The concept behind fat grafting to the breast is simple: Move fat cells from one part of your body where they’re plentiful (tummy, buttocks and thighs) to your breasts to enhance their shape and size.
Fat grafting — also known as autologous fat transfer or lipoinjection — was used to enhance or reconstruct breasts as early as 1895, but it wasn’t until the development of liposuction almost a century later that fat cells could be harvested efficiently. While fat grafting via liposuction is widely used today to rejuvenate the face and hands, its application for breast enhancement has lagged behind.
Fat Grafting Breast Enhancement Candidates
Currently, fat transfer to the breast is considered an option for women who want to improve the appearance of their breasts after reconstruction or lumpectomy to treat breast cancer, for tuberous breast correction or to repair implant-related issues like rippling and wrinkling. The procedure can also be used to soften the overall look of existing breast implants by “blurring” the line between implant and breast tissue. Potential candidates must also have adequate fat harvesting sites on their body.
Fat Transfer to the Breast: The Procedure
Fat transfer to the breast involves two distinct procedures: harvesting and injecting. The fat cells are acquired through one of several types of liposuction: laser liposuction, ultrasound-assisted liposuction or water-assisted liposuction.
Once harvested through a syringe, the cells are processed for transplantation. This involves removing anesthetics, lipids and medical fluids from the fat. The goal is to obtain healthy fat cells devoid of other tissue, which increases the likelihood of successful cell transfer and reduces the chances of injecting unwanted substances with the fat. The healthier and purer the injected material, the greater the yield of viable fat cells.
After processing, the fat cells are carefully injected, drop by drop in dozens of small injections, into the space between the skin and the breast capsule surrounding the breast and/or behind the breast between the breast and chest wall. This meticulous technique enables the plastic surgeon to sculpt the breasts as desired. The medical consensus is that if the fat is injected into these areas, it will be easier to monitor long term, and to avoid many of the problems that may arise from significant fat being injected into the breast tissue itself. However, because these injection sites are limited in size, fat grafting to the breast can produce only modest augmentation.

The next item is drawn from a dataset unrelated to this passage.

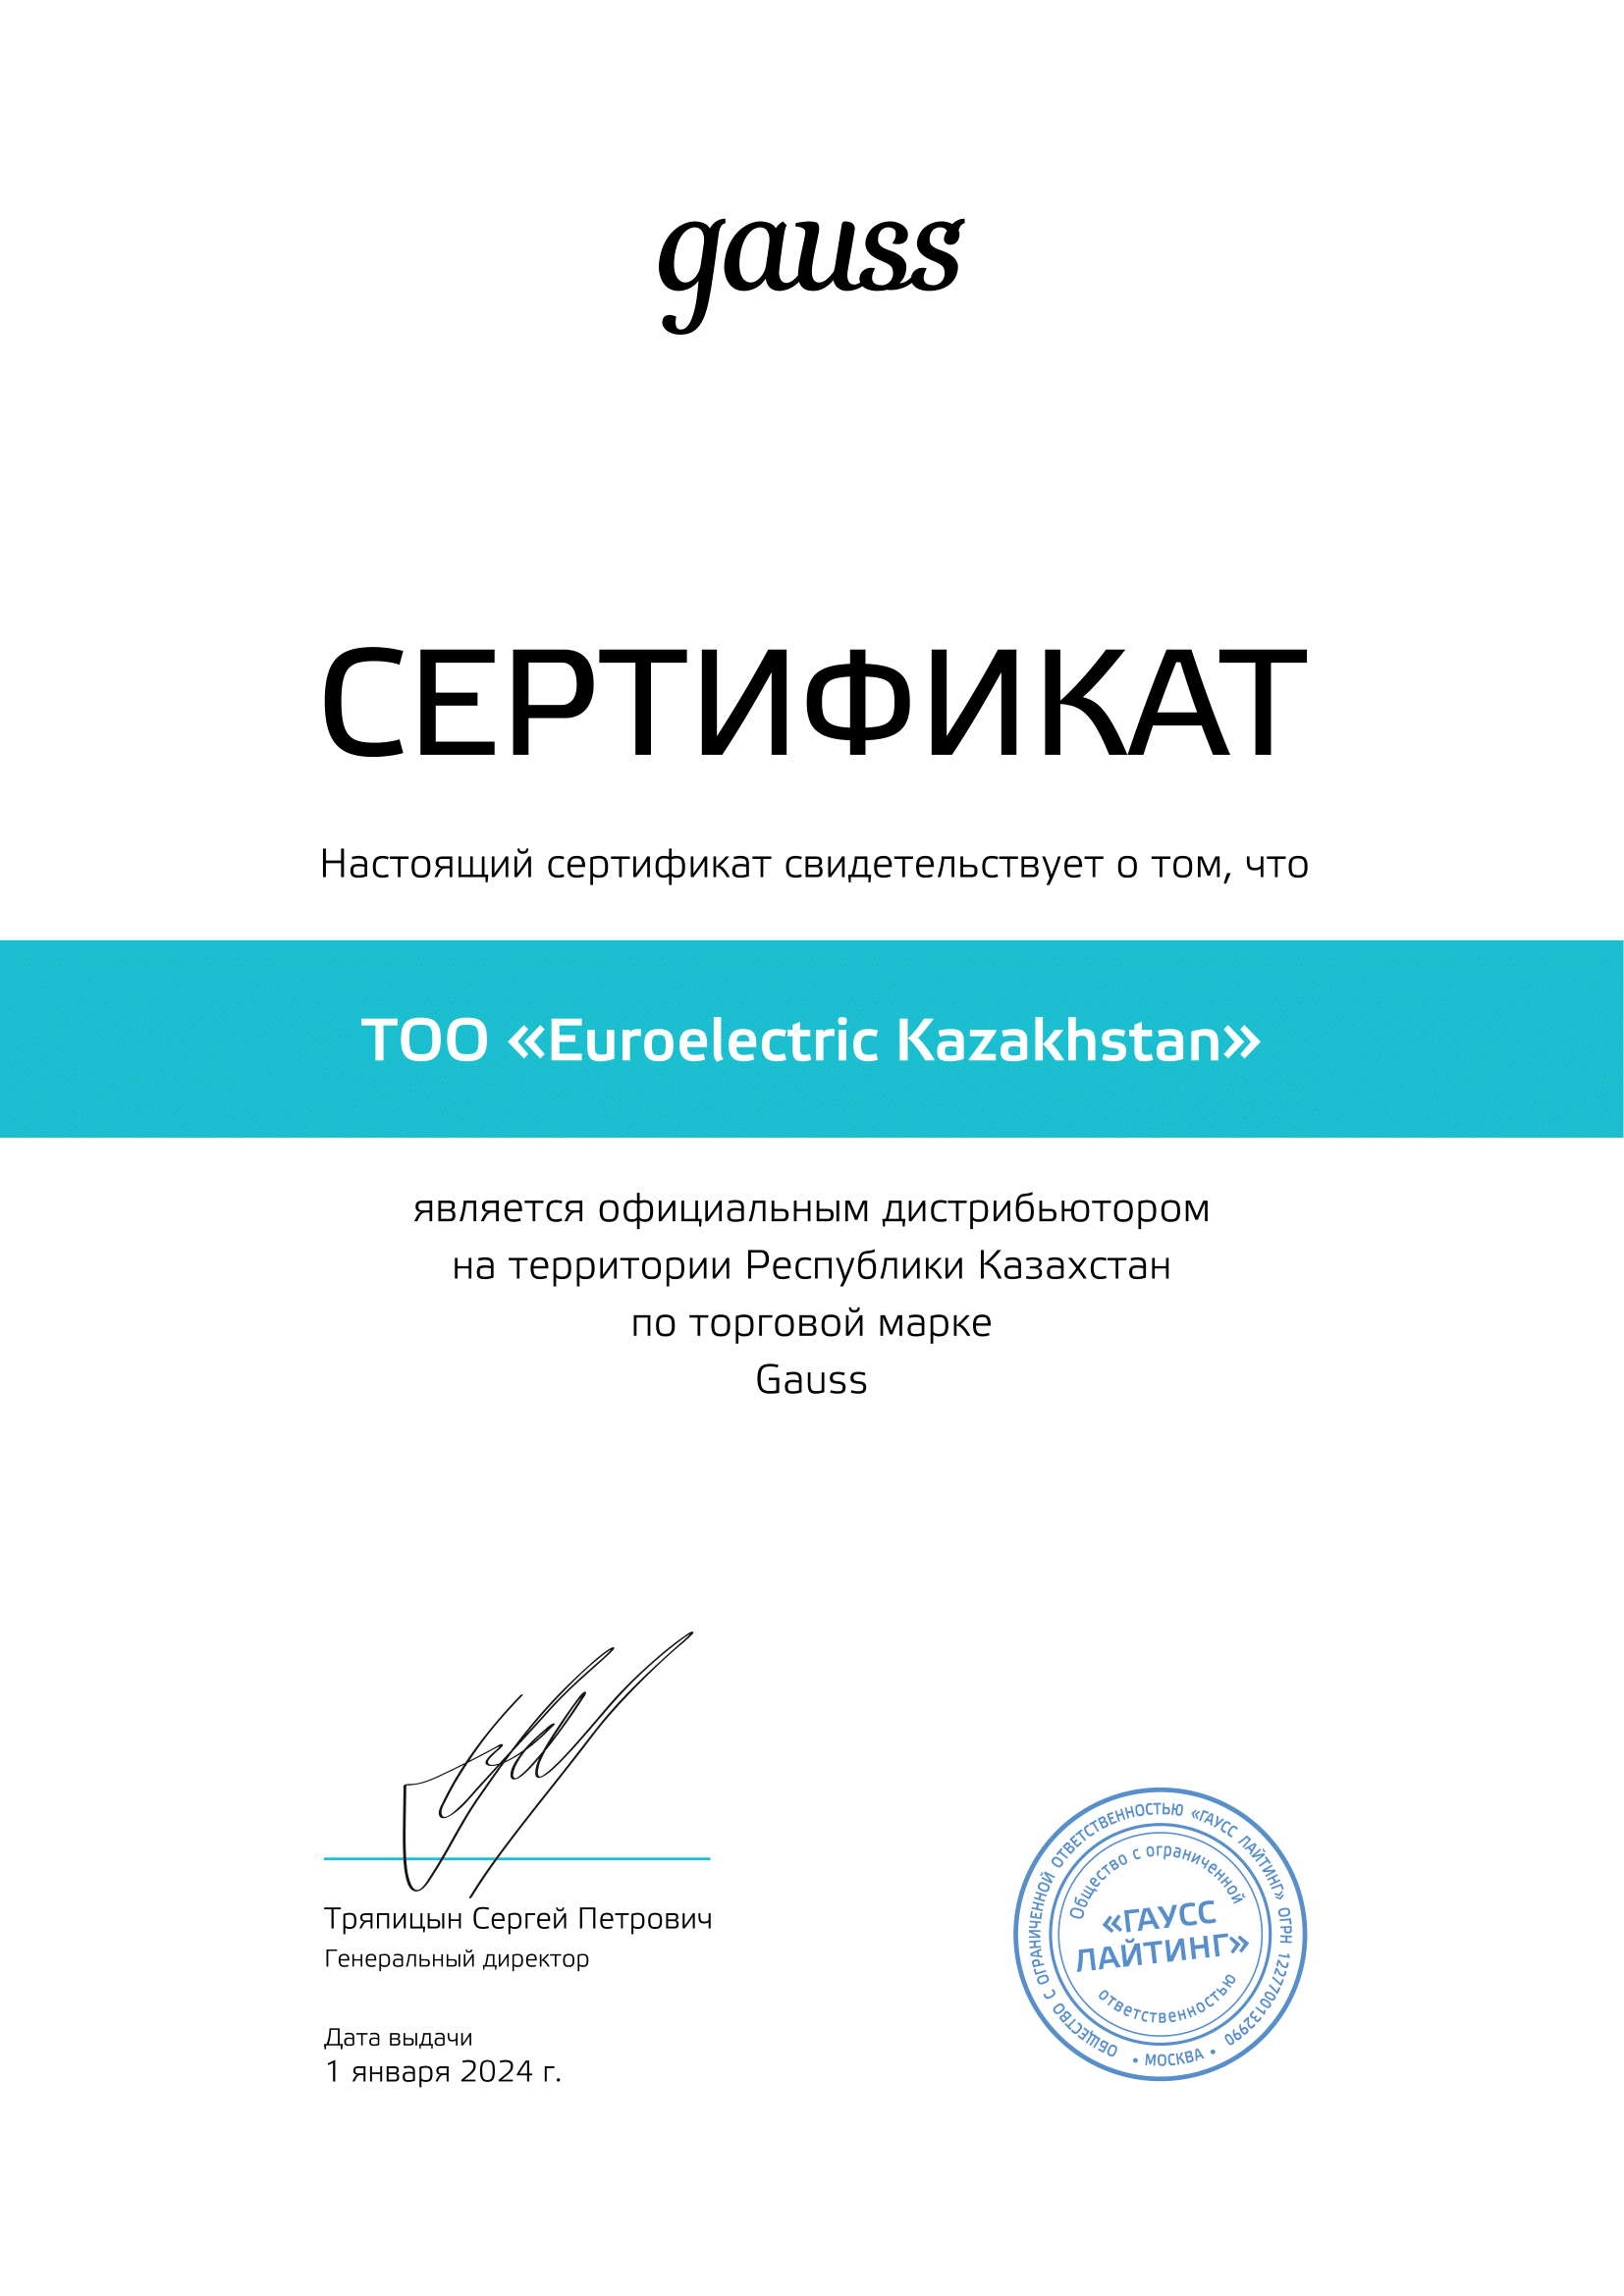 Сертификат Gauss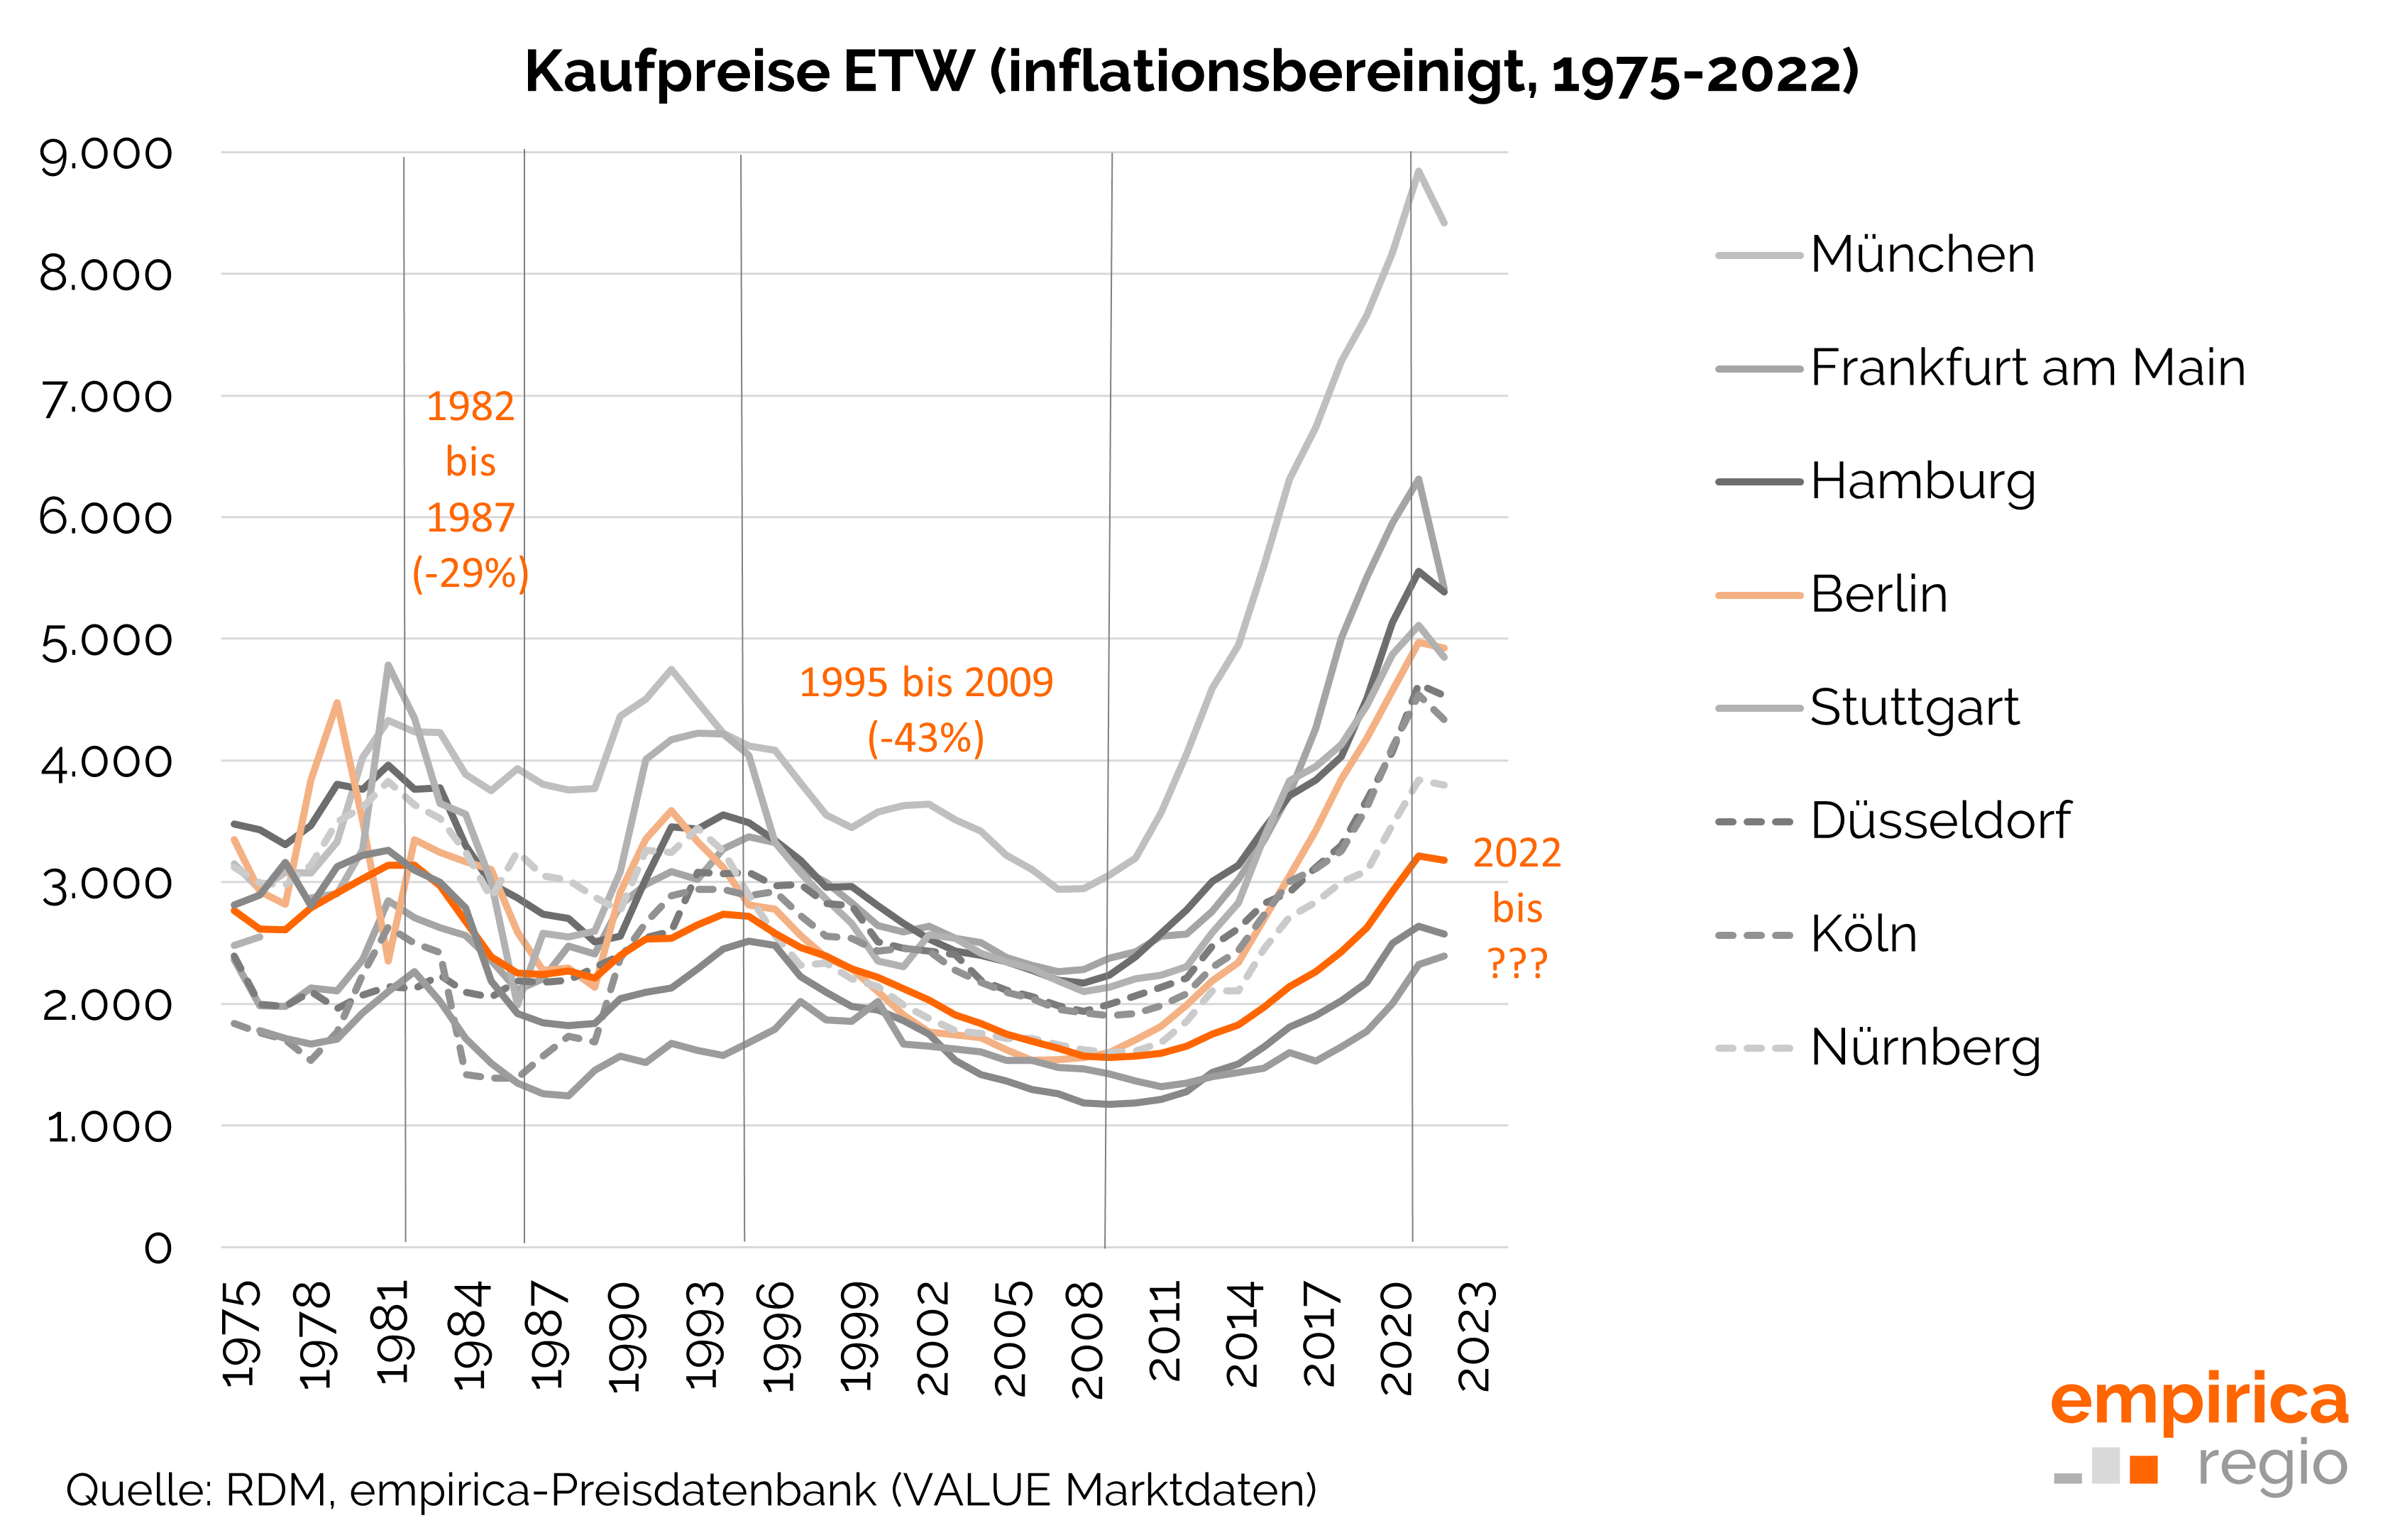 Inflationsbereinigte Entwicklung der Kaufpreise für Eigentumswohnungen in ausgewählten Städten von 1975 bis 2022

Some surgeons help the process along by instructing their patients to wear tissue expanders prior to surgery. One such expander is the Brava System. This system creates a vacuum that applies gentle, three-dimensional pull on the breasts that’s similar to the action of a breast pump. This tension causes the cells to replicate and gradually create new tissue throughout the entire breast area.
A concern among plastic surgeons is how much fat is needed to get the job done. The consensus is that fat cells must be over-injected to compensate for any necrosis (cell death) that may occur, which results in loss of fatty tissue. Transplanted fat cells must establish a blood supply in their new location or they will die, taking any augmentation effects they may have had with them. Keep in mind that the living fat cells that remain will fluctuate with weight loss and gain, which means the area where they were injected will change size, too. Women with fat grafts to their breasts may end up with more (or less) than they bargained for if they don’t maintain their weight.
The jury is still out on whether fat grafts can obscure readings on breast X-rays or mammograms or be mistaken for early breast cancer. As it stands, all women, whether they have large breasts, small breasts or breasts with implants, require mammography to effectively evaluate their breast tissue, and the techniques used depend on individual factors. In truth, all breast augmentation surgeries pose potential problems for cancer detection. If you have implants, it’s important to let the technician know so that he or she can use the proper technique for imaging augmented breasts. You should also tell the technician if you have had fat grafting to your breasts.
Pros and Cons of Fat Transfer to the Breast
One benefit of fat transfer to the breast is that there is no risk of rejection or allergic reaction, since the fat cells come from your own body. The procedure also allows the surgeon more latitude when it comes to shaping the breasts than saline or silicone implants do. There are no incisions; however, there are multiple small openings from the liposuction and injection procedures.
The downside of fat transfer to the breast is that the transplanted fat cells often do not survive long term. They may be absorbed by the body, liquefy, form a cyst, calcify or produce scarring within the breast tissues. If this happens, you likely will lose some volume and may develop some lumps.
Fat grafting also provides limited volume (less than a cup size) as compared to traditional implants. Infection and fat migration are possible, as are a reaction to the anesthesia and possible burns from laser- or ultrasound-assisted liposuction. Liposuction also adds the potential for creating deformities at the donor sites if too much fat is removed. There’s no guarantee of breast symmetry, and you may be generally dissatisfied with some aspect of the final results (size, shape, appearance, etc.).